If you toss out any interest in snappy dialog, sound plotting, and practical casting, David O. Russell's repertory cast has a great time working their improv muscles.
Everyone plays against type, and several of these award-worthy performances are from actors who should have never been cast in their roles:
- It makes no sense to cast Christian Bale as a over-the-hill, fat, bald, Jewish con man from Long Island. To his credit, he lives and breathes the part, every moment is genuine. It just makes no sense coming from this actor!
- I have a ton of respect for Amy Adams, who looks like a quintessential America's Sweetheart. She's so frickin' adorable, but she has no interest in playing those roles. OK, yes, she did make Leap Year and Enchanted, but she'll be remembered for powerful roles in The Master, The Fighter, Doubt, and Sunshine Cleaning.
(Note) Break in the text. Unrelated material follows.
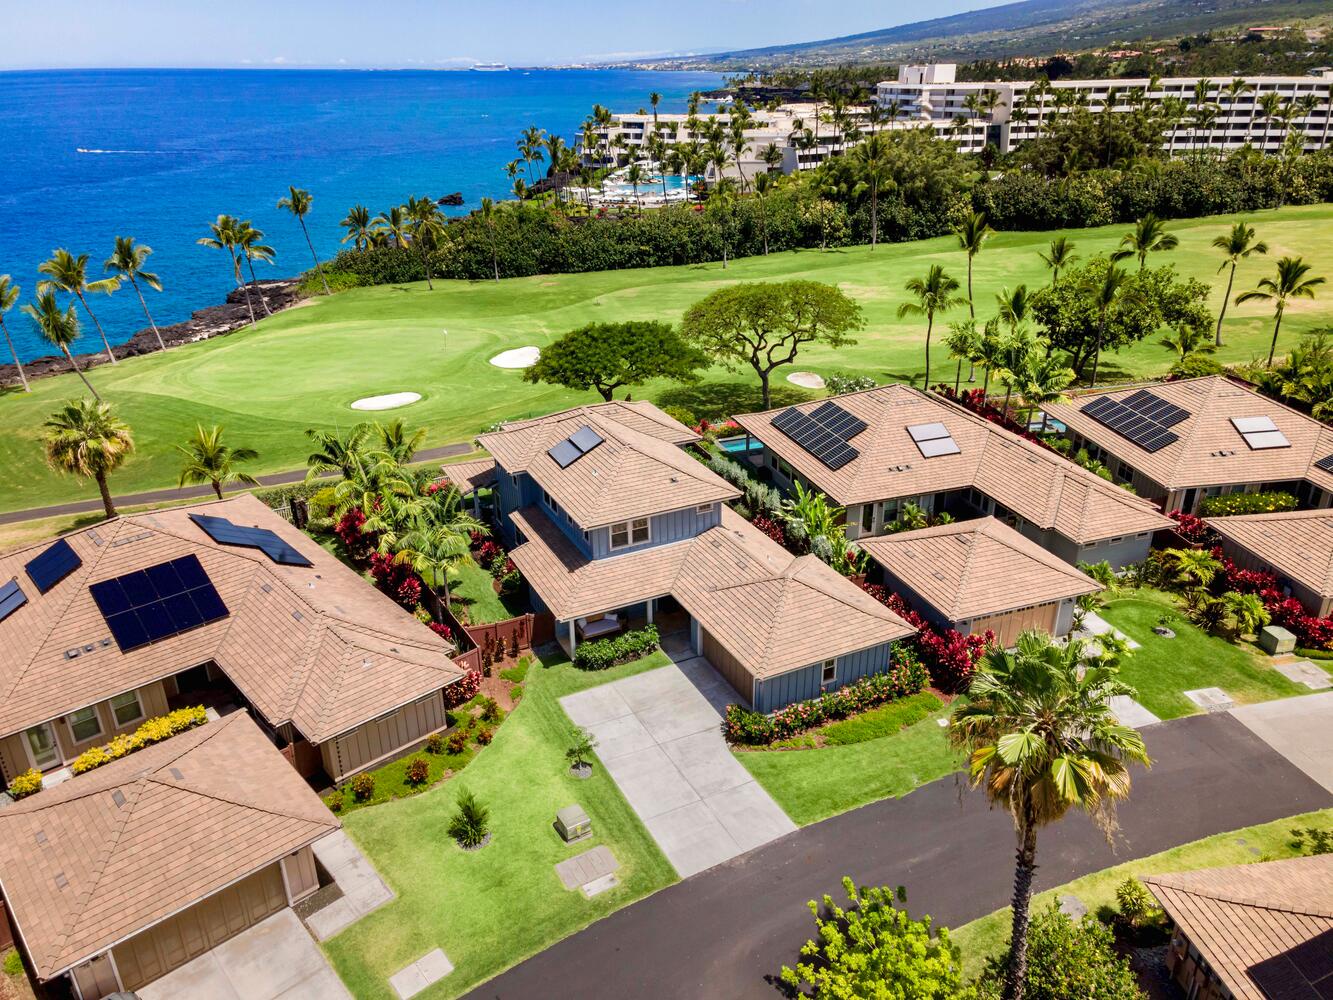 Kailua-Kona Vacation Rentals, Holua Kai #26 - Aerial view of Holua Kai #26 and the lush residential area.

- Bradley Cooper is So. Funny. He looks half ridiculous, half "this isn't so weird" in his pin curls, full beard, and G-man suits.
- Jennifer Lawrence is supremely talented, very funny, but 15 or 20 years too young to play a faded beauty desparately clinging to Bale's character as her last chance to maintain her way of life. She turned 23 last summer, she's one of the best-looking women on Earth- why is she so desperate to hang onto this dissolute con man when there are scores of men who'd love to marry her and support her? My wife pointed out that another Jennifer would be much better cast in this role - Jennifer Aniston turns 45 this week and she'd bring a great combination of faded beauty and comic timing to the part.
- My wife and I owe an apology to Jeremy Renner. We had him pegged as a humorless loner. He plays such intense, violent characters - sometimes sociopathic - in The Hurt Locker, The Town, Mission: Impossible, The Avengers, and The Bourne Legacy, that his performance as a sweet, earnest family man is a wonderful surprise.